Blvckjep (Giuseppe Pirolo, 1998) è un artista italiano la cui ricerca pittorica indaga il tempo e lo spazio come condizioni attive della percezione. Il suo lavoro si sviluppa attraverso una progressiva riduzione formale, in cui elementi essenziali — linea, colore, intervallo — diventano strumenti per costruire ritmo, tensione e relazione, oltre ogni dimensione rappresentativa.

Il tempo non viene narrato, ma incorporato: emerge nelle variazioni minime, nelle ripetizioni mai identiche, negli scarti tra pieni e vuoti. Il colore non satura la superficie, ma la attraversa, mentre la linea assume una funzione dinamica e strutturale, capace di misurare lo spazio e attivarne le tensioni.
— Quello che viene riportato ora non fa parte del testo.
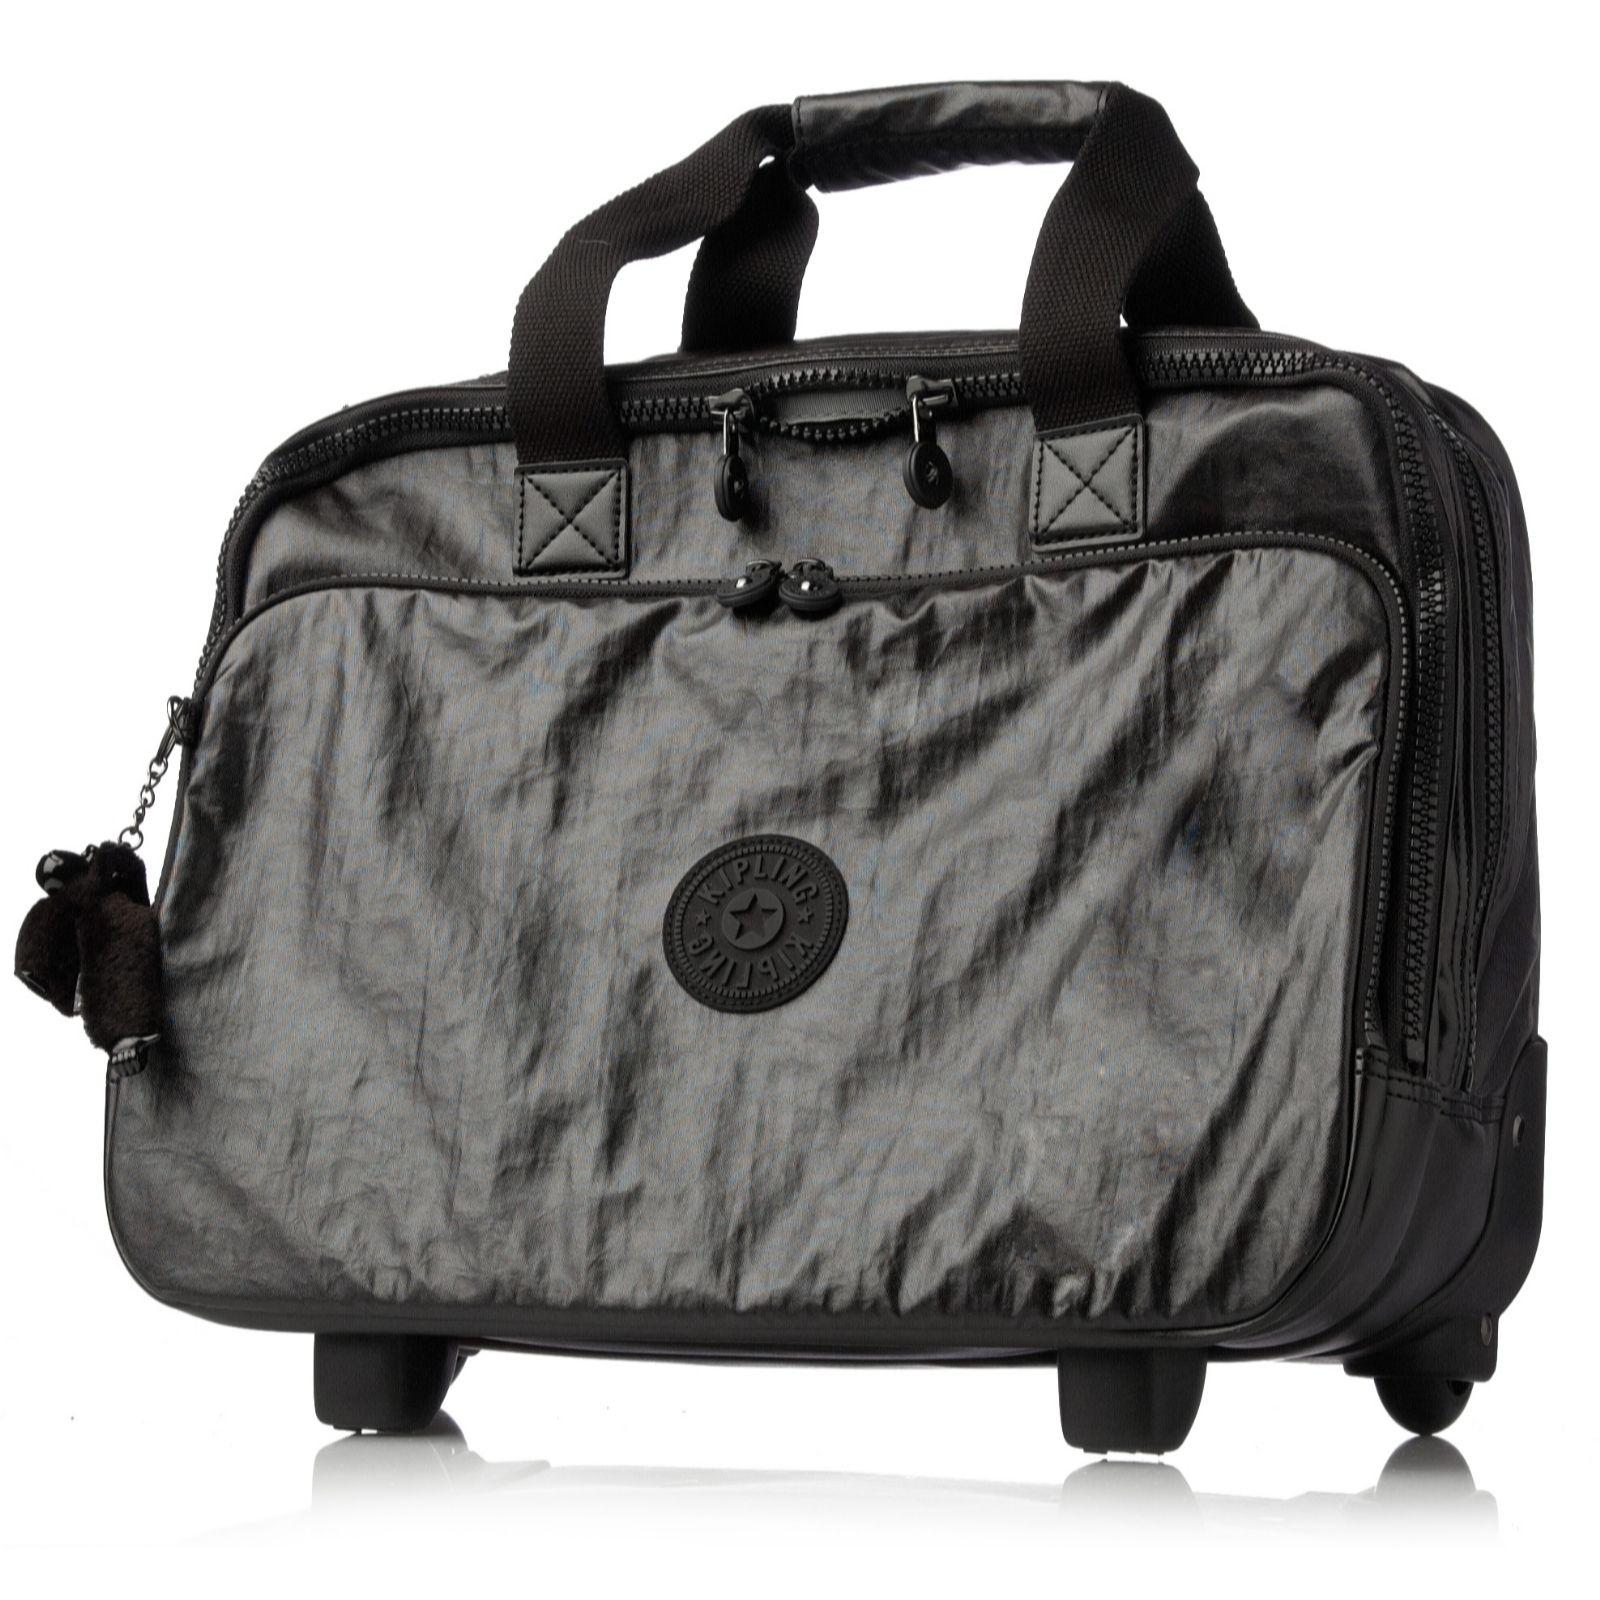 ce21510b90 Kipling Ceroc Wheeled Working Bag - QVC UK

Lo spazio, è elemento attivo dell’opera.
La pittura si estende oltre la superficie, ridefinendo l’architettura e instaurando un dialogo diretto con pareti, angoli e volumi. In questo modo, il lavoro assume una dimensione installativa, in cui ritmo e percezione si sviluppano nel tempo dell’esperienza.

La pratica di Blvckjep si presenta come un sistema aperto e in divenire, in cui l’opera non è un’immagine conclusa, ma una struttura temporale e percettiva da attraversare. Il gesto, ridotto alla sua forma necessaria, lascia spazio a una visione che si costruisce lentamente, nella relazione tra presenza e assenza, continuità e interruzione.